Cloud Compute IOPS Limits
Every DartNode Cloud Compute instance includes guaranteed IOPS (Input/Output Operations Per Second) to ensure consistent storage performance. This article explains how IOPS limits are calculated and applied to your virtual server.
Standard VPS IOPS
For standard VPS instances, IOPS scales automatically with your disk size:
Formula: Disk Size (GB) × 500 IOPS
IOPS is clamped between a minimum floor and maximum ceiling:
| Limit Type | Value |
|---|---|
| Minimum IOPS | 3,000 |
| Maximum IOPS | 1,600,000 |
Examples
| Disk Size | Calculated IOPS | Actual IOPS |
|---|---|---|
| 5 GB | 2,500 | 3,000 (minimum floor) |
| 20 GB | 10,000 | 10,000 |
| 50 GB | 25,000 | 25,000 |
| 100 GB | 50,000 | 50,000 |
| 250 GB | 125,000 | 125,000 |
| 500 GB | 250,000 | 250,000 |
VDS (Dedicated Slice) IOPS
VDS instances use a slice-based allocation model. Each host node has a total IOPS budget based on its storage hardware, which is divided evenly across all available slices.
Node IOPS by Storage Type
| Storage Type | Total Node IOPS |
|---|---|
| NVMe | 800,000 |
| SSD (SATA) | 80,000 |
| SAS | 4,000 |
| HDD | 1,500 |
How it's calculated:
- Per-slice IOPS: Total Node IOPS ÷ Total Slices
- Your IOPS: Per-Slice IOPS × Slices Allocated
For example, on an NVMe node with 16 total slices, each slice receives 50,000 IOPS. A VDS with 4 slices would have 200,000 IOPS.

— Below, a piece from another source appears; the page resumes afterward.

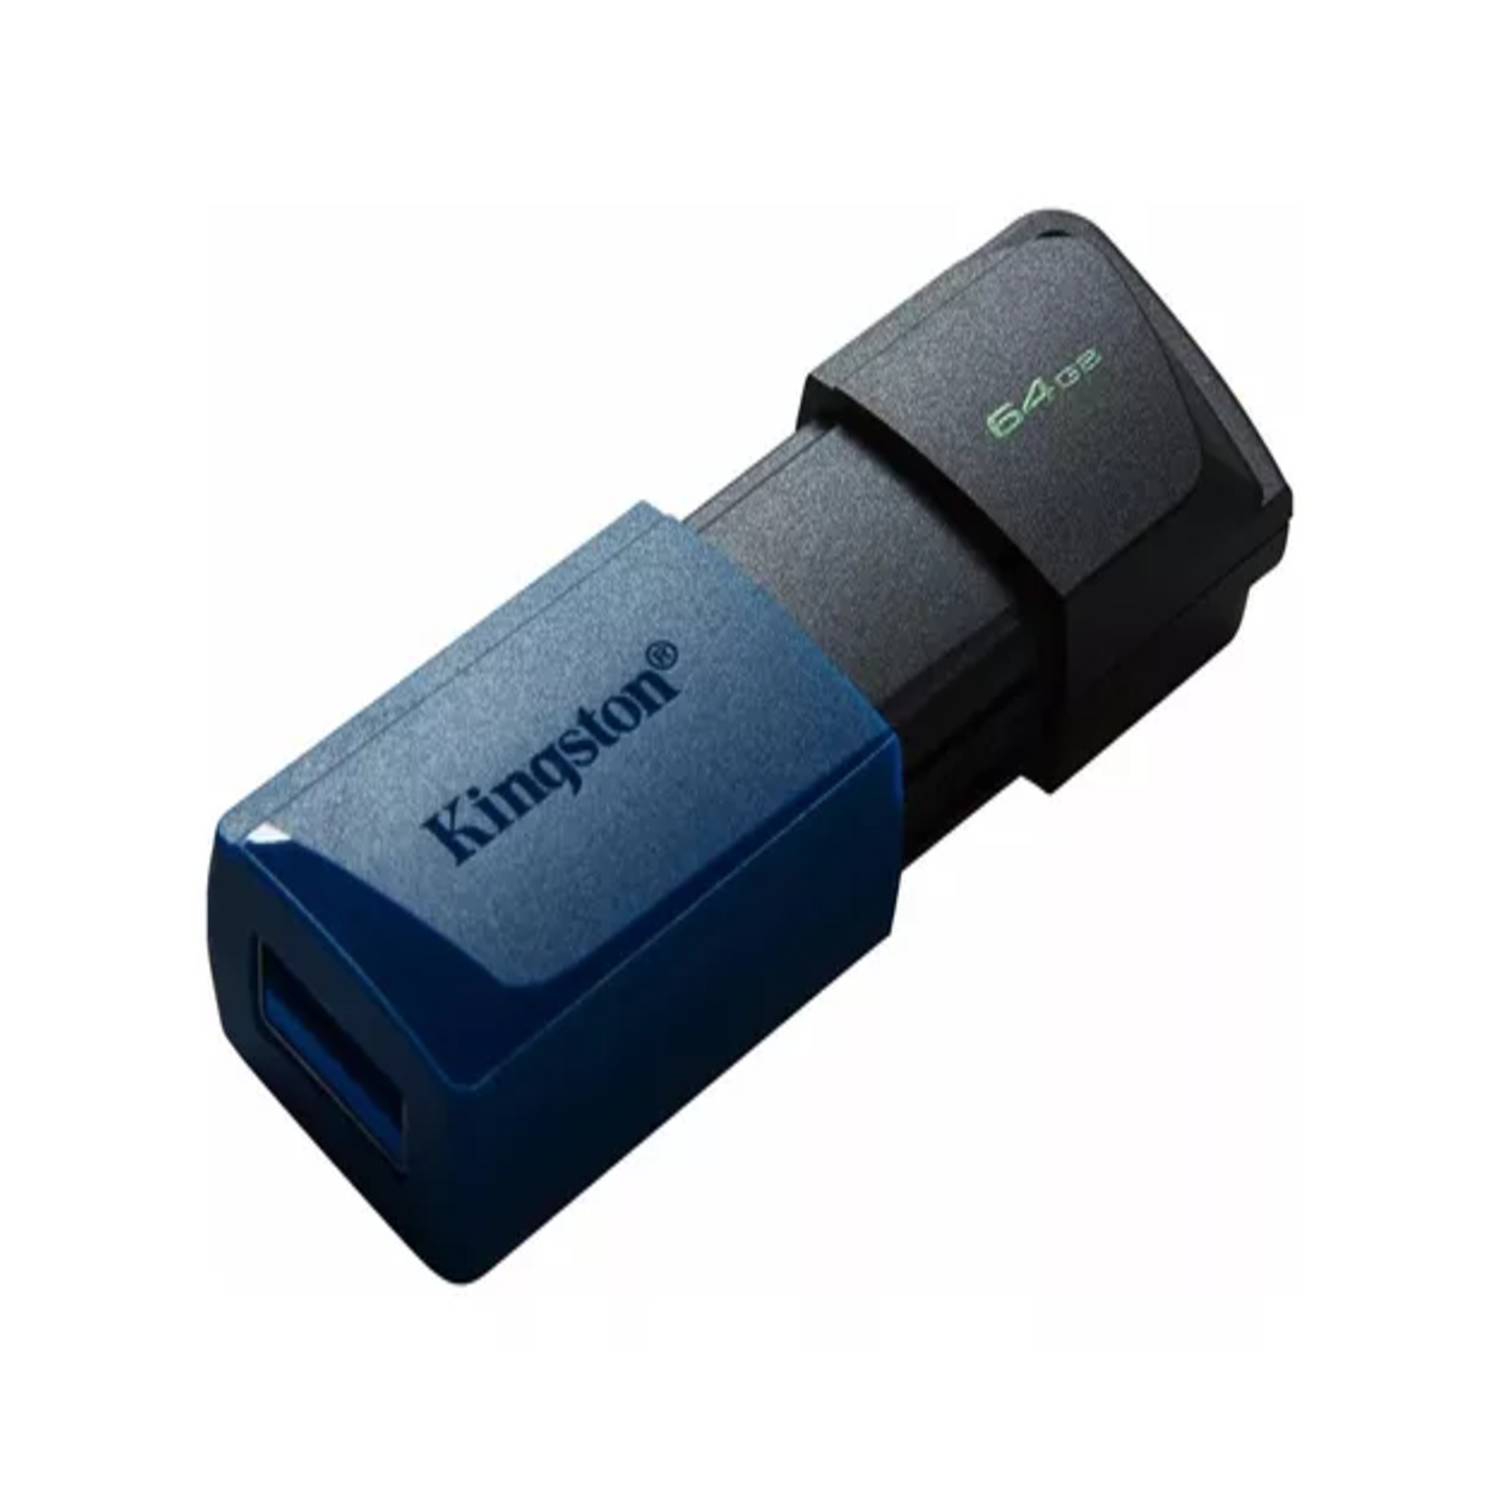 Memoria USB Flix 64 GB 3.0 Negro/Amarillo

How IOPS Limits Are Applied
IOPS limits are applied as a combined read/write limit—not separate limits for reads and writes. This means your total disk operations (reads + writes) share the same IOPS budget.
In addition to IOPS, a bandwidth cap of 2,560 MB/s is applied to prevent any single instance from saturating shared storage bandwidth.
Frequently Asked Questions
Can I increase my IOPS limit?
For standard VPS, upgrading your disk size automatically increases your IOPS. Contact support if you need custom IOPS limits for specific workloads.
What happens if I hit my IOPS limit?
Disk operations will queue until capacity is available. You may experience increased latency during sustained high-IOPS workloads. Consider upgrading your disk or optimizing your application's disk access patterns.
Are IOPS guaranteed or burstable?
Your IOPS limit represents the maximum sustained rate. There is no burst capability above your allocated limit.